Anyone who wants to defend “our values” is critical of identitarian thinking
Everything is “culture”. You are culture, everything you say is culture, everything that makes you what you are is culture and everything you do expresses culture. You have no other rationale. What concept of society underlies the over-emphasis on the term “culture” in the current debate? Economic Nobel Prize-winner Amartya Sen has called the pressure to assume an all-or-nothing identity “plural monoculturalism”. He thereby points to a new form of the old racism whose proponents also like to call themselves “identitarians”. This means that entire population groups are assigned to a single culture and a single identity, into which they must all fit. That culture can be defined by blood, origin or religion. Even in its most harmless form, this either-or definition of identity contains the seed of war. “One can know when the war begins”, as the Trojan princess and seer Cassandra says in Christa Wolf’s novel of the same name, “But when does the prewar begin?” “Plural monoculturalism” links folkish defenders of western culture to Islamic fundamentalists – for they are, so to speak, kindred enemies.

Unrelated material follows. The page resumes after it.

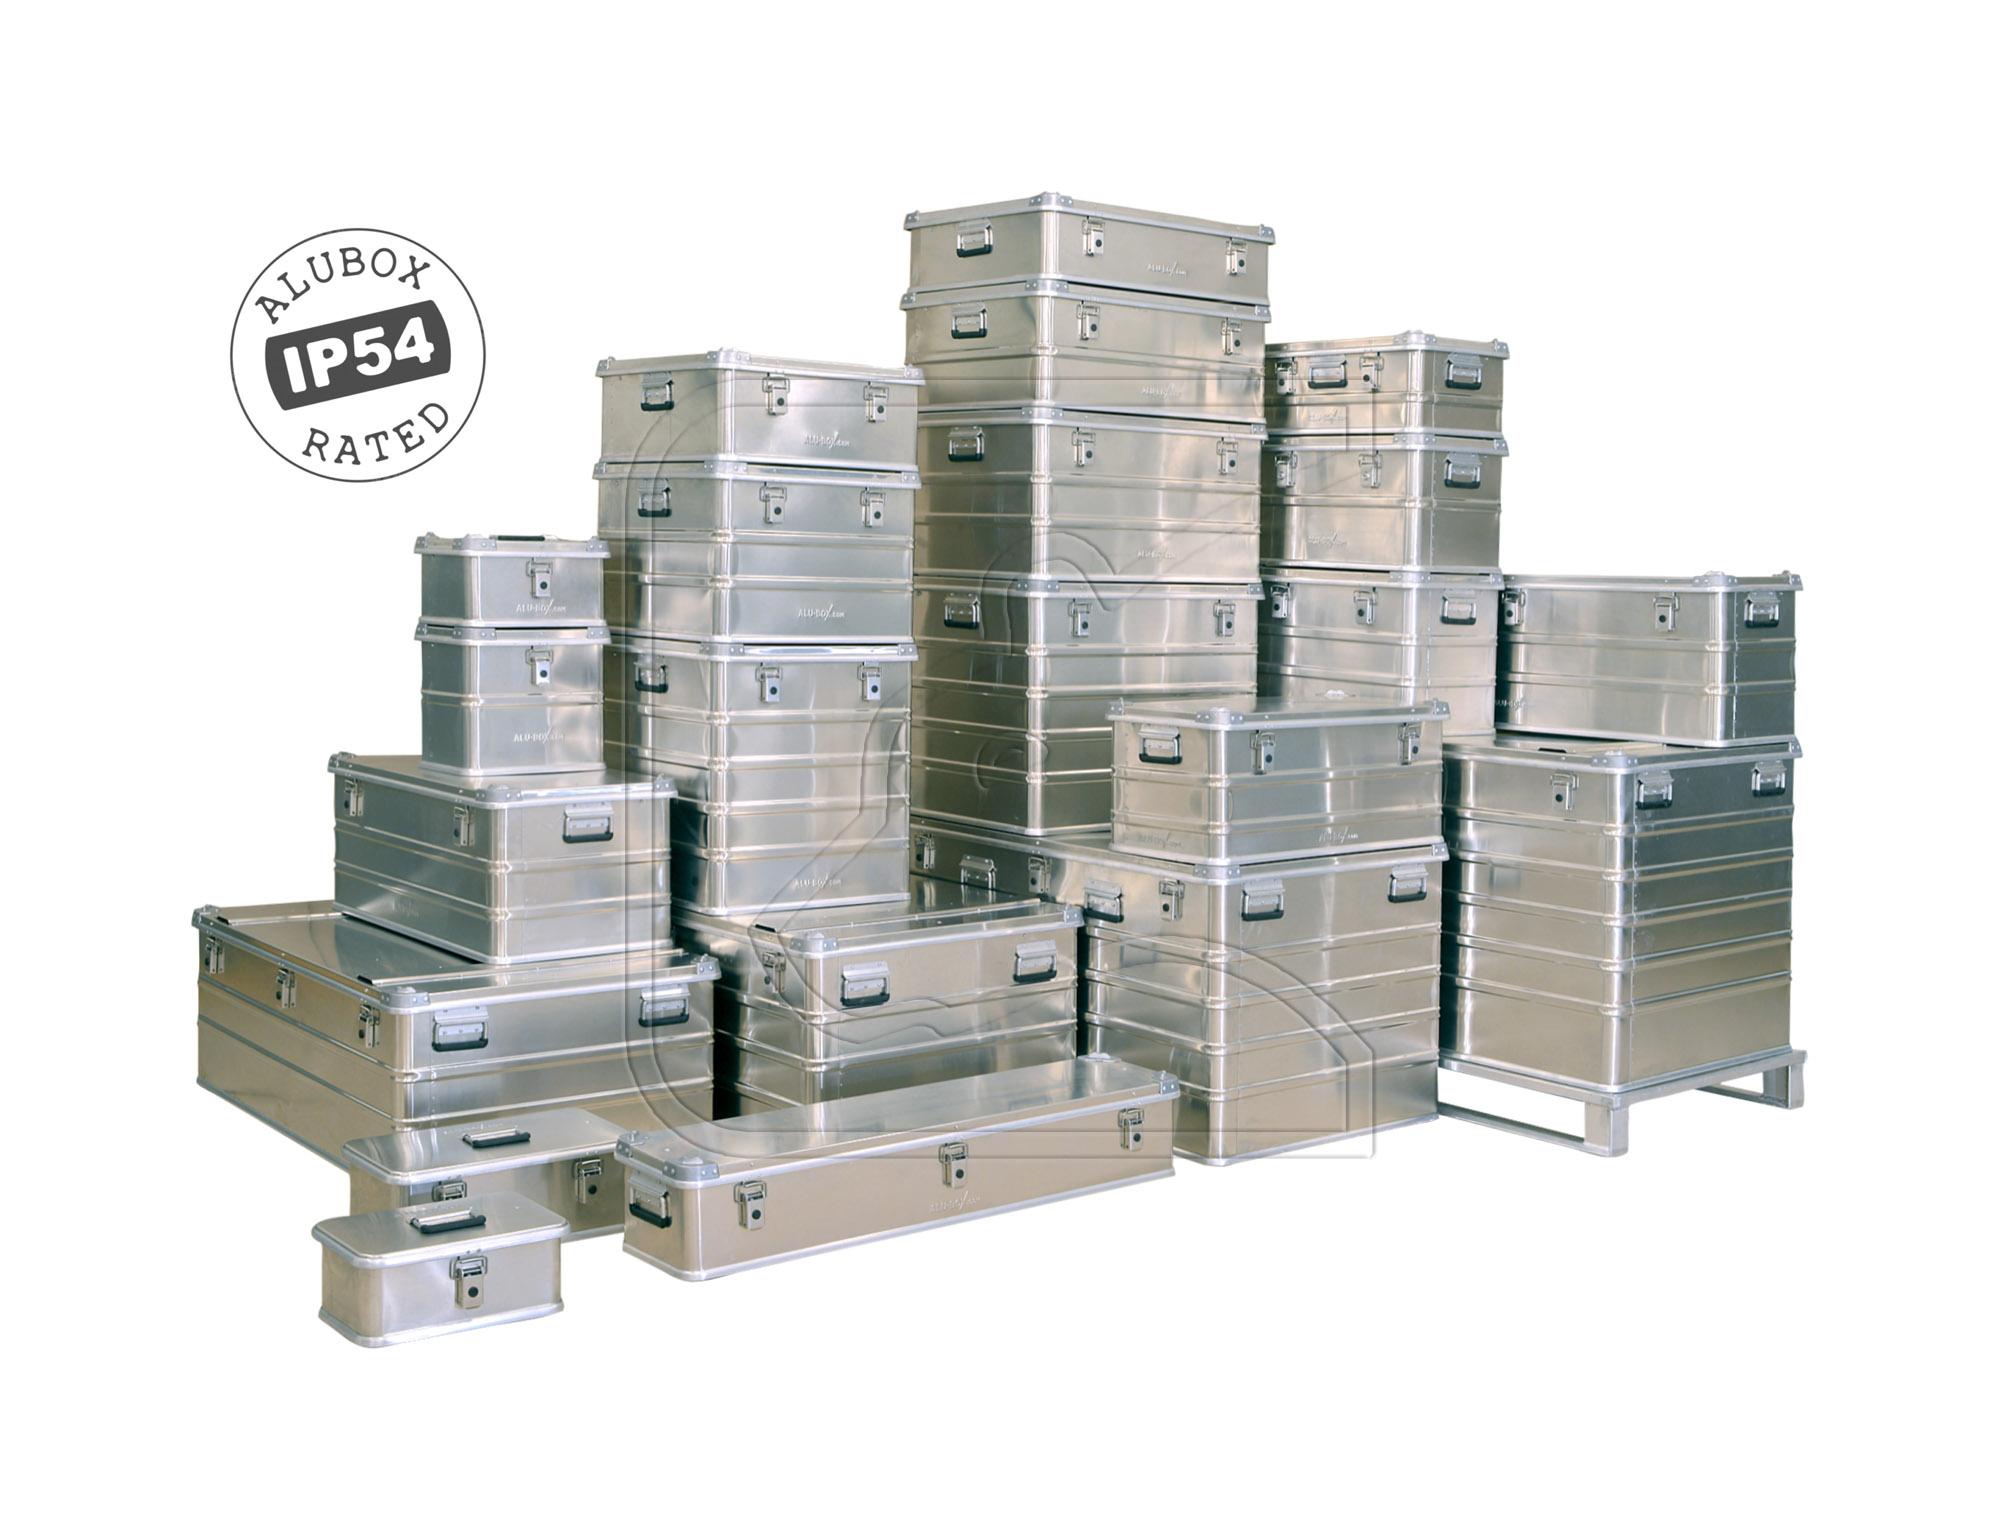 hochwertige aluboxen hier g nstig erh ltlich nakatanenga 4x4 equipment. Black Bedroom Furniture Sets. Home Design Ideas

On the search for self-determination and respectability
To not be noticed means to be excluded. This is why the desire for a just society is so fundamentaly connected to the desire for recognition. The answer lies in the gap between “What do I have?” and “Who am I?” In conclusion, we focus on the feelings, the needs and the emotions, which are at work behind the current debate. This is not just about fear, but also about powerlessness, shame and envy. We all share a fundamental need to be able to receive and create recognition. To quote network researcher Harald Katzmair: “Those who offer participation will resonate with the lonely. Those who say “You’re a valuable human being just the way you are” will strike a chord with those who never experience recognition. Those who are penned in hierarchies will see those who open up new possibilities as liberators.” Conversely, someone who no longer perceives these basic needs on their radar will put up no opposition to ideologies of social marginalization. We have, above all, lost sight of the need for esteem, dignity and integrity that is felt by all who are not able to daily bask in the sunshine of success. Where we are able to shape our own lives, receive recognition and experience social equality, trust grows and hatred diminishes.